GPU Cluster Resource Scheduling and Optimization Engineer
Company | Together AI |
---|
Location | San Francisco, CA, USA |
---|
Salary | $160000 – $230000 |
---|
Type | Full-Time |
---|
Degrees | |
---|
Experience Level | Senior |
---|
Requirements
- 5+ years of experience in resource scheduling, distributed systems, or large-scale machine learning infrastructure.
- Proficiency in distributed computing frameworks (e.g., Kubernetes, Slurm, Ray).
- Expertise in designing and implementing resource allocation algorithms and scheduling frameworks.
- Hands-on experience with cloud platforms (e.g., AWS, GCP, Azure) and GPU orchestration.
- Proficient in Python, C++, or Go for building high-performance systems.
- Strong understanding of operational research techniques, such as linear programming, graph algorithms, or evolutionary strategies.
- Analytical mindset with a focus on problem-solving and performance tuning.
- Excellent collaboration and communication skills across teams.
Responsibilities
- Develop and implement intelligent scheduling algorithms tailored for distributed AI workloads on multi-cluster and multi-tenant environments.
- Ensure efficient allocation of GPUs, TPUs, and CPUs across diverse workloads, balancing resource utilization and job performance.
- Design optimization techniques for dynamic resource allocation, addressing real-time variations in workload demand.
- Implement load balancing, job preemption, and task placement strategies to maximize throughput and minimize latency.

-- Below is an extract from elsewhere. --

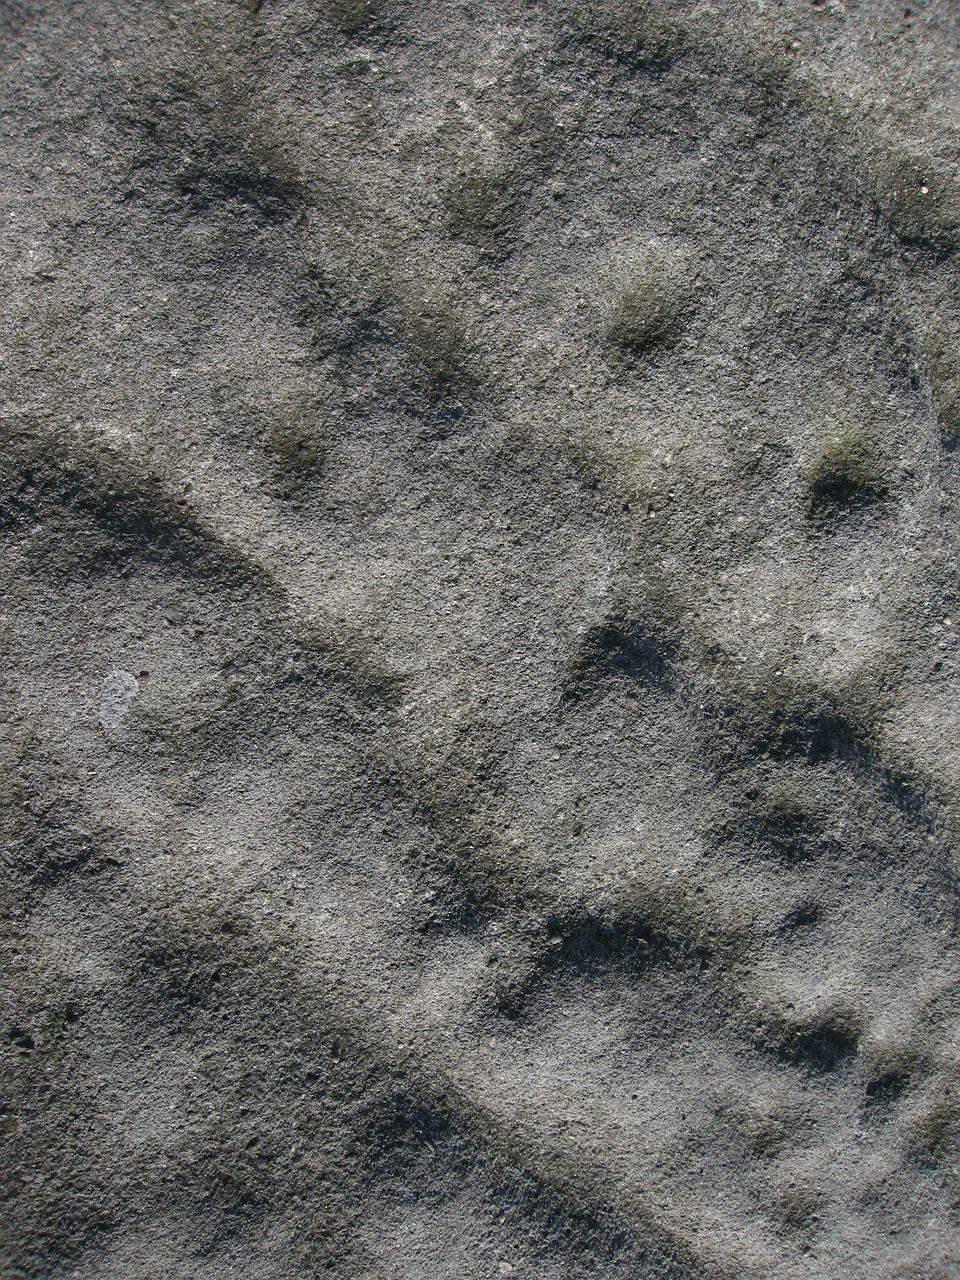 stone grey texture free photo

- Build systems that efficiently scale to thousands of nodes and petabytes of data.
- Optimize training and inference pipelines to reduce runtime and cost while maintaining accuracy and reliability.
- Build tools for real-time monitoring and diagnostics of resource utilization, job scheduling efficiency, and bottlenecks.
- Leverage telemetry data and machine learning models for predictive analytics and proactive optimization.
- Collaborate with researchers, data scientists, and platform engineers to understand workload requirements and align resource management solutions.
- Stay updated with the latest trends in distributed systems, AI model training, and cloud-native technologies.
Preferred Qualifications
- Experience with AI/ML frameworks (e.g., TensorFlow, PyTorch, JAX).
- Familiarity with AI-specific workloads like DDP, sharded training, or reinforcement learning.
- Knowledge of auto-scaling and cost-optimization strategies in cloud environments.
- Contributions to open-source scheduling or orchestration projects.